After an annoying loss Monday night, the Yankees rebounded with a 5-2 win over the Tigers on Tuesday. The offense scored early and tacked on late, and for the second straight game, the Yankees got a very good outing from their starting pitcher against a tough Detroit lineup. New York has won six of their last nine games.
One Run Ain’t Enough
The first six innings of Tuesday’s game felt a lot of the first six innings of Monday’s game. The Yankees scored an early run on a Mark Teixeira extra-base hit (a double to score Brett Gardner in the first) and nursed that 1-0 lead into the seventh while blowing an opportunity or two along the way, just like Monday. Except instead of never tacking on to that one run, the offense was able to plate three insurance runs in the seventh inning Tuesday.
The Yankees scored their second and third runs on solo homers — one by Chris Young and one by Stephen Drew. Neither was a bomb but hey, they all count. Given the cold weather and on again, off again rain, I’m not sure hitting a bomb was possible at Comerica Park on Tuesday. The fourth run was manufactured with speed. Jacoby Ellsbury singled, stole second, moved to third on Gardner’s infield single, then scored on a wild pitch. A single and an error created a much-appreciated fifth run in the ninth.
After Monday night, the 4-0 lead (and later 5-1) felt like 10-0. I mean, I know it’s never really that close against a team as good as the Tigers — the ninth inning was a nice reminder, eh? — but it felt like a huge relief after watching the Yankees try to hang on to those 1-0 leads the last two nights. They could have added more runs in the eighth — the first two runners reached but Drew (pop-up), Gregorio Petit (strikeout), and Ellsbury (pop-up) couldn’t capitalize — but they ultimately didn’t need ’em. Runs are cool. I like runs.
Nasty Nate In Your Area
Nathan Eovaldi’s three starts in pinstripes have gotten progressively better. He took the ball into the eighth inning on Tuesday night — Joe Girardi yanked him with his pitch count sitting at 94 following a leadoff double in the eighth — and held the high-powered Tigers to one run on eight hits and a walk. The run scored after the Yankees took their 4-0 lead and was the result of a double, a wild pitch, and a sac fly. That was all the Tigers got off the starter.
Eovaldi was helped out by a real nice play by Teixeira, who went home with Anthony Gose’s chopper in the third inning rather than try for the double play or just take the out at first. (The runner was caught in a rundown between third and home and eventually tagged out.) Gose is too quick, so a double play wasn’t happening, and I’m not even sure Teixeira could have beaten Gose to first base after coming in to field the chopper. Saved a run early in the game and really helped Eovaldi settle into.

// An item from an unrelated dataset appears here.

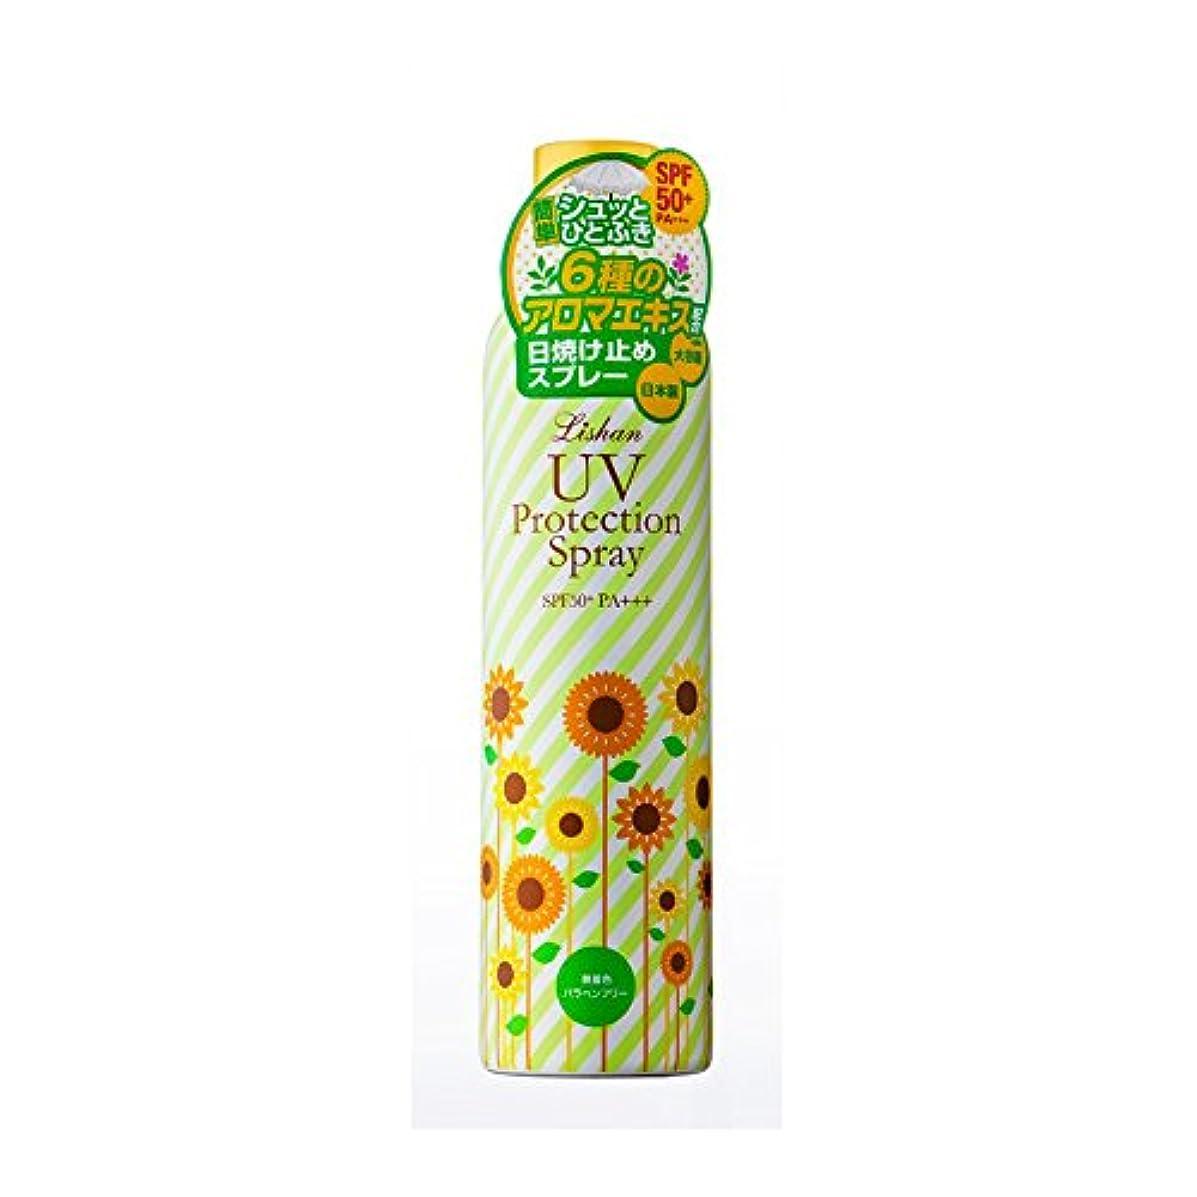 揃えるマングルフォークリシャン 大容量UVスプレー アロマミックスの香り (230g)

Eovaldi had just one 1-2-3 inning but was bailed out by four double plays, including one he started after catching a line drive hit at his chest. It was one of those “the ball caught him” plays. Eovaldi recorded 17 of his 21 outs on the infield and while he did allowed eight hits in seven innings, more than a few of them were ground balls through holes created by the shift. The Yankees really suck at shifting. For the first time as a Yankee, Eovaldi seemed in control of a game and he did it against a great offense. Nice job, Nate.
Leftovers
Dellin Betances retired three straight after replacing Eovaldi to strand a runner at second in the eighth. He threw ten pitches and four were fastballs. Not a big sample but he still seems to be leaning on that breaking ball. Chris Martin struck out two and allowed two hits before giving way to not-the-closer Andrew Miller, who walked two batters (the second walk forced in a run!) before getting the final out for his fifth save in five chances. Never easy.
The Yankees had eight hits and they all came from four players: Gardner and Drew had two apiece, Teixeira had one hit, and Young had three hits. Young went 3-for-3 with a homer and two walks. He’s been awesome. The rest of the lineup went a combined 0-for-20. The Yankees drew eight walks and only struck out five times. Is that good? That seems good.
Brian McCann tried to bunt to beat the shift in the third inning but failed. Kyle Lobstein, who kept the Yankees off-balance with soft stuff for six innings, fielded the ball and threw him out with ease. Why McCann bunted with a man on first and two outs, I have no idea. Two outs! Swing the bat in that spot.
And finally, I wasn’t joking when I said the Yankees suck at the shift. They came into the game allowing a .314 BABIP on ground balls. The MLB average is .238. Good grief. Ban the shift because the Yankees stink at it.
Box Score, WPA Graph & Standings
Here are the box score, video highlights, and updated standings. Also make sure you check out our ultra-important Bullpen Workload page and much less important Announcer Standings page. Here is the win probability graph:
Source: FanGraphs
Up Next
The Yankees and Tigers will play game three of this four-game series on Wednesday night. Fifth starter Adam Warren draws perennial Cy Young contender David Price. Fun!